FIG. 2 a shows a schematic block diagram of a first embodiment of a communications system 2 configured to perform a method according to the present disclosure.
The communications system 2 comprises a first communication device 21 a and a second communication device 21 b. The first communication device 21 a is in real-time audio communication with the second communication device 21 b. The real-time audio communication is routed via a server 20. The real-time audio communication may be any audio and/or video communication comprising real-time audio transmission, such as a point-to-point communication, e.g. Voice over Internet Protocol (VoIP) or software phone (softphone), or a peer-to-peer communication.
The first communication device 21 a comprises a first audio interface 210 a configured to record audio from and play back audio to a user of the first communication device 21 a. Correspondingly, the second communication device 21 b comprises a second audio interface 210 b configured to record audio from and play back audio to a user of the second communication device 21 b.
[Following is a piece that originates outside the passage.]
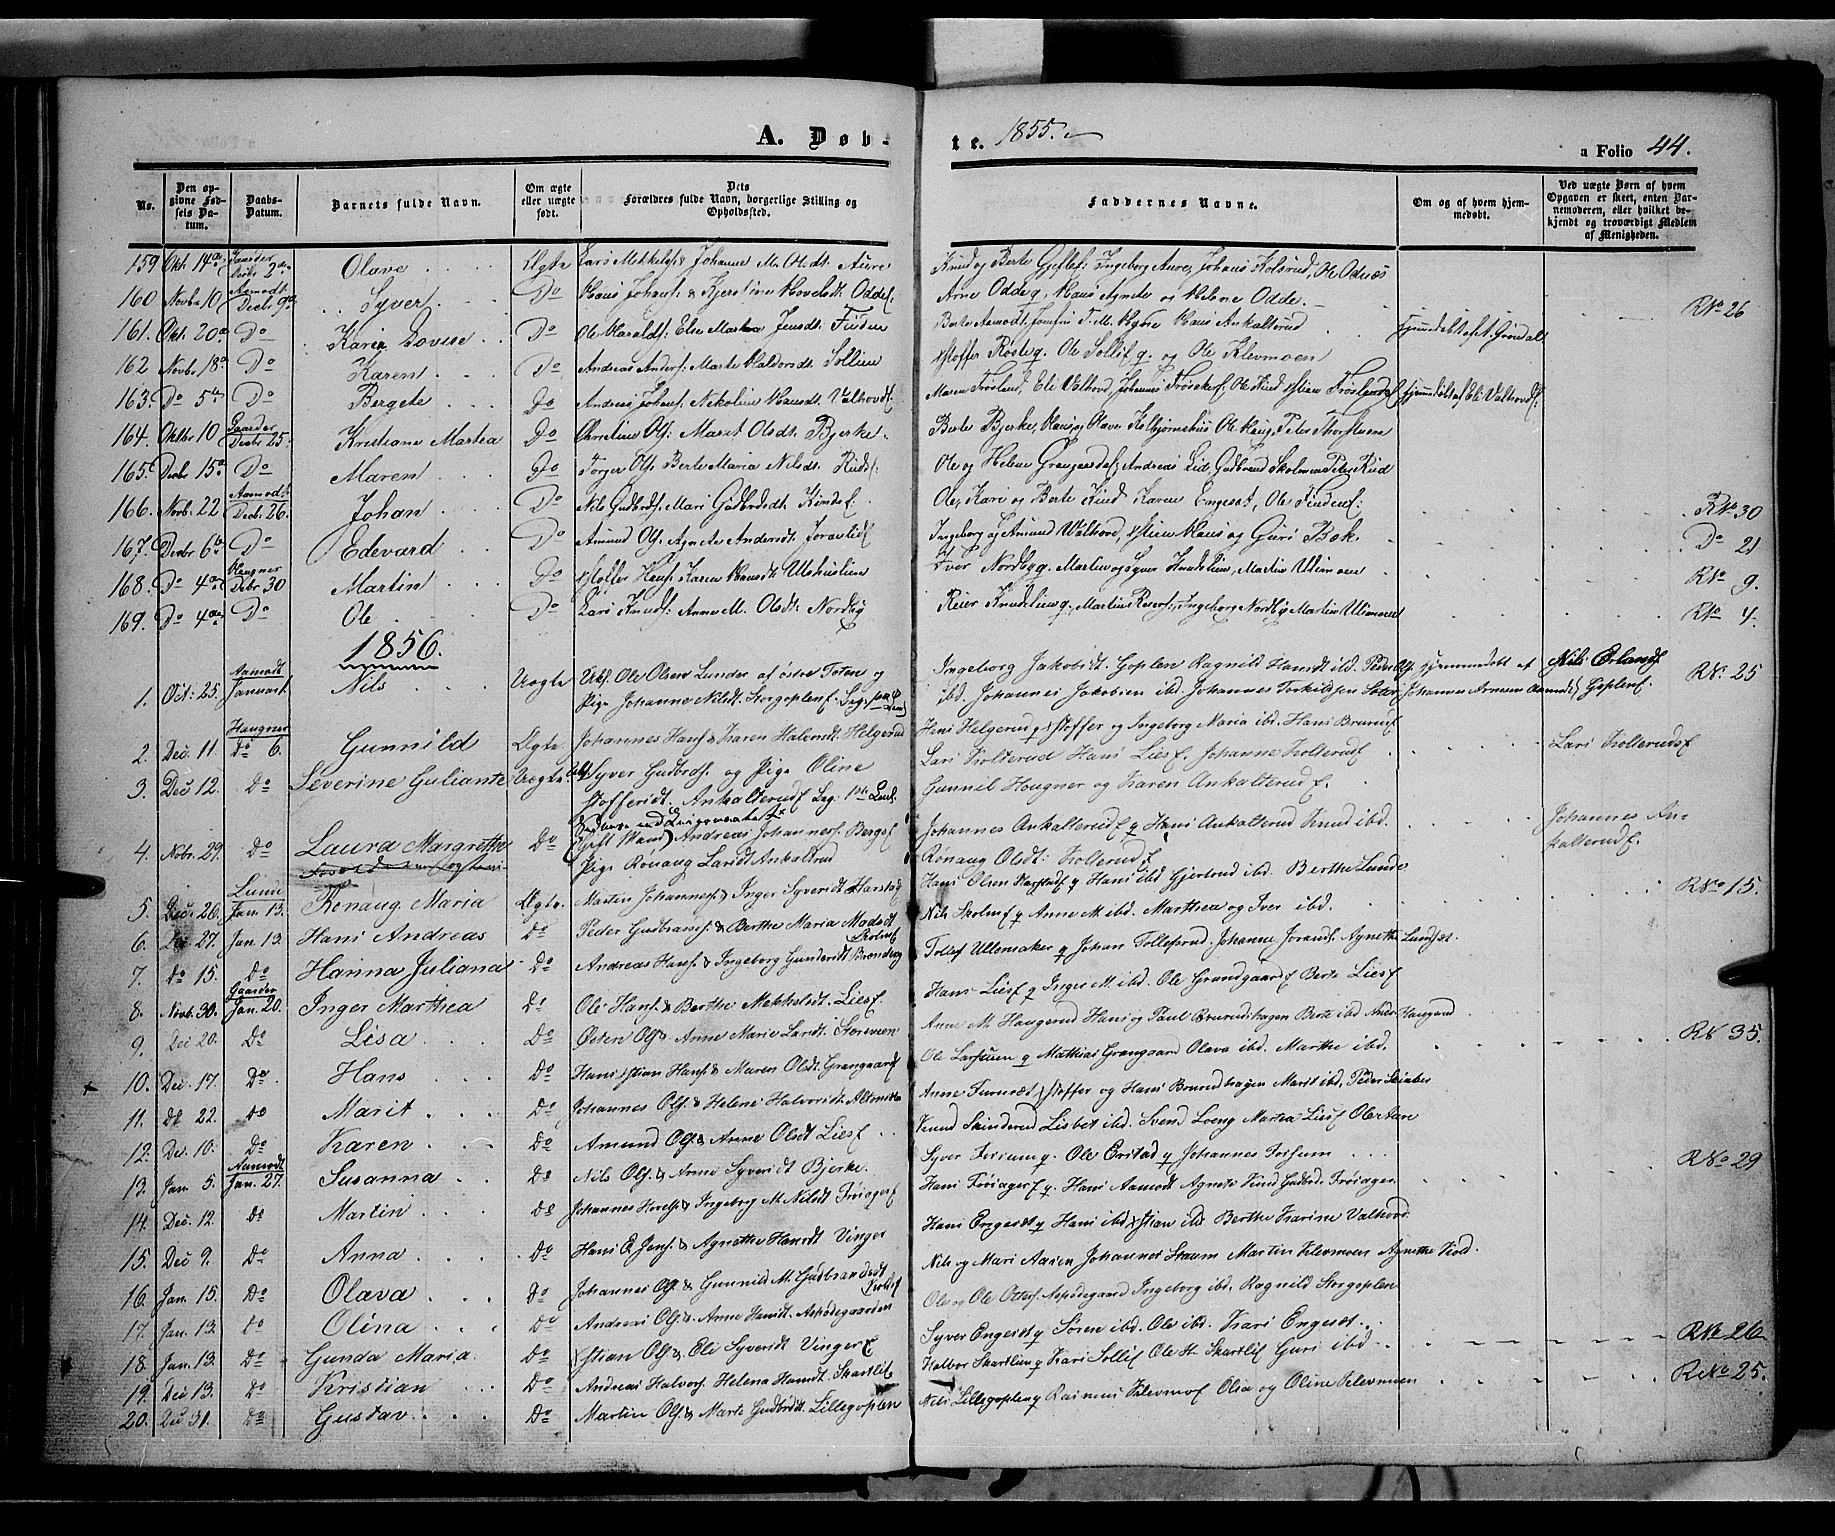 SAH, Land prestekontor, Ministerialbok nr. 10, 1847-1859, s. 44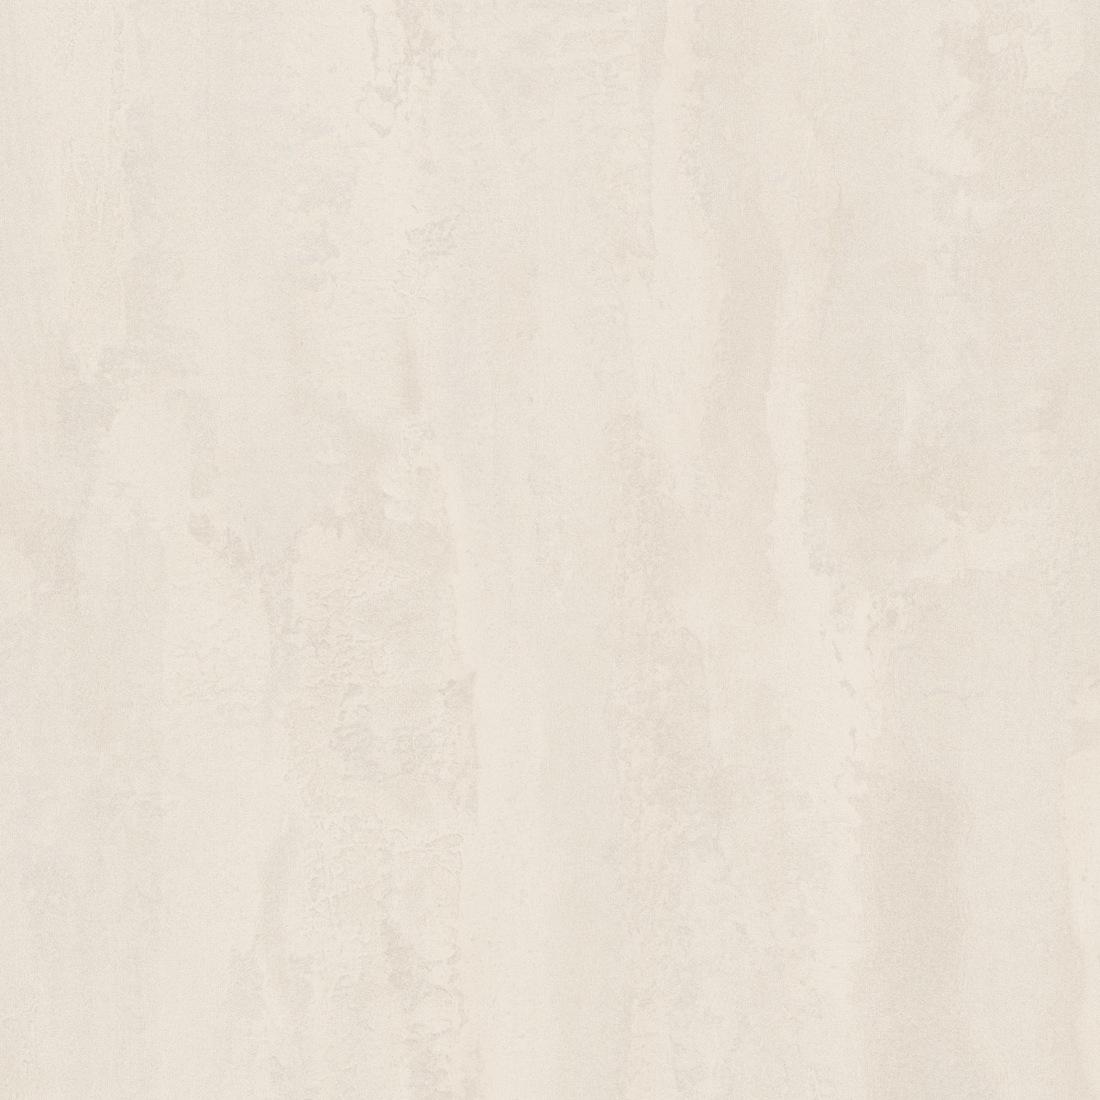 Pal melaminat Kronospan, Matase K349 RT, 2800 x 2070 x 18 mm imagine MatHaus.ro

It will be understood that in other embodiments, a recording interface and a playback interface may be provided alternatively or additionally to the respective audio interfaces 210 a, 210 b. The first 210 a and second audio interfaces 210 b may comprise an audio input device, such as a microphone, and an audio playback device, such as an audio processor, a headphone/speaker outlet, and/or one or more speakers.
The first communication device 21 a further comprises a processor 211 a. The processor 211 a may be configured to monitor and register: a playback mode, such as a loudspeaker mode and a headphone mode, a playback level, and a microphone gain of the first audio interface 210 a, as well as monitoring and registering sensor information (not shown in FIG. 2 a ) of the first communication device 21 a. The processor 211 a may furthermore be configured to monitor and register a microphone gain level of the second communication device 21 a. Sensor information may be information from a wireless communication interface (not shown in FIG. 2 a ), such as a Bluetooth® and/or Wi-Fi module, of the first communication device 21 a. The processor 211 a may furthermore be configured to detect whether the first communication device is in real-time audio communication with the second communication device 21 b.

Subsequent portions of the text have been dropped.